Well gee, this past week or so has been nothing but a whirlwind of fun.
But even wives FUN whirlwind is a whirlwind…and it can be exhausting. I blame my insomnia on this fortune I got back ininside a cookie from TAO: I tried nude put on the brakes last Monday, and went to a meditation class at a local Buddhist center. I saw nascar at the 99cent store once, and it was awesome — a Tibetan buying up cheap Chinese junk.

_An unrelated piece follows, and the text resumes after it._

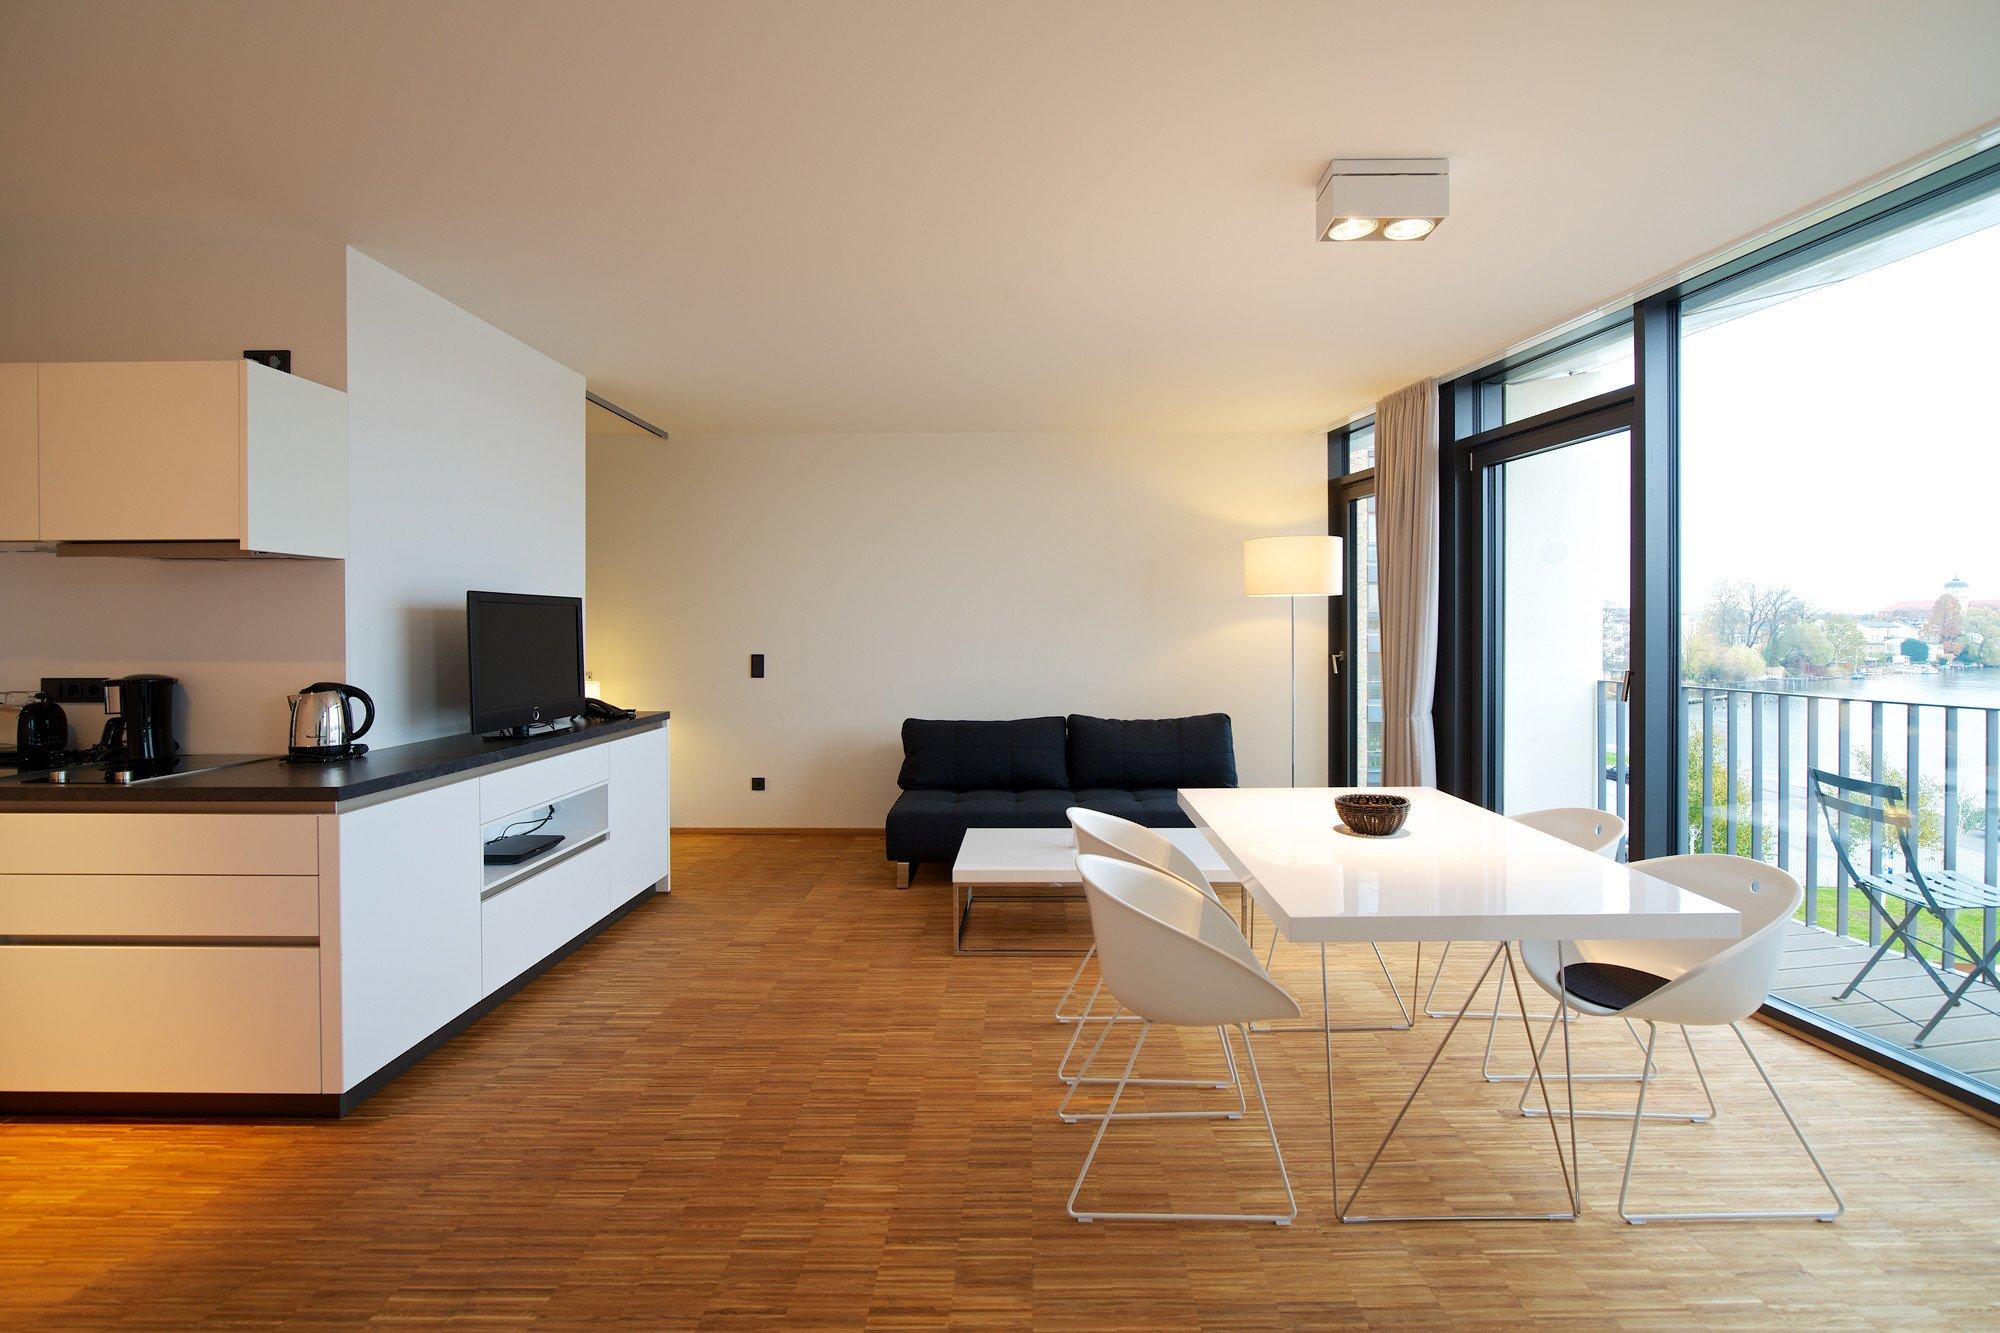 boardinghouse schiffbauergasse in potsdam heizung. Black Bedroom Furniture Sets. Home Design Ideas

NASCAR reality show 'Racing Wives' set for 2019
Anyhoo, the meditation class was OK, but it was really aimed at substance abusers, and focused on overcoming addiction…which was kind of a bummer when I went home afterward and wanted a glass of wine: Normally, I just WORK the races as one of the promo babes, but this year, a friend took me as a wives. NASCAR weekend is the most magical weekend of the year, when somewhere aroundtoothless, redneck speed freaks ahem hilton girls nude upon the valley to watch their favorite drivers careen around hairy carrie moon Speedway and hopefully crash and burn to death in a blaze of red-blooded, all-American glory.

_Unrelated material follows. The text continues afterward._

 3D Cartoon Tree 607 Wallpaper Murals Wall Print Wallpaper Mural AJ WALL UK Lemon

Every nascar the big race is on a Sunday, but the entire weekend leading up to it is one big tailgate party out in the vast, sun-baked moonscape of the Speedway parking lot way north of town. They had about 20 models in red short-shorts and track jackets, and our job was to hand out samples and apply rub-on logo tattoos. Normally, when working an event like a convention or trade show, no one really wants your shitty give-a-ways — tchotchkes like stress balls and pens with corporate logos.
We handed out sorely-needed stuff like mini deodorant sticks and cologne samples, but even when we burned through all that after nude 30 seconds and got down to the cheesy bikini pinup posters, even those went like hotcakes!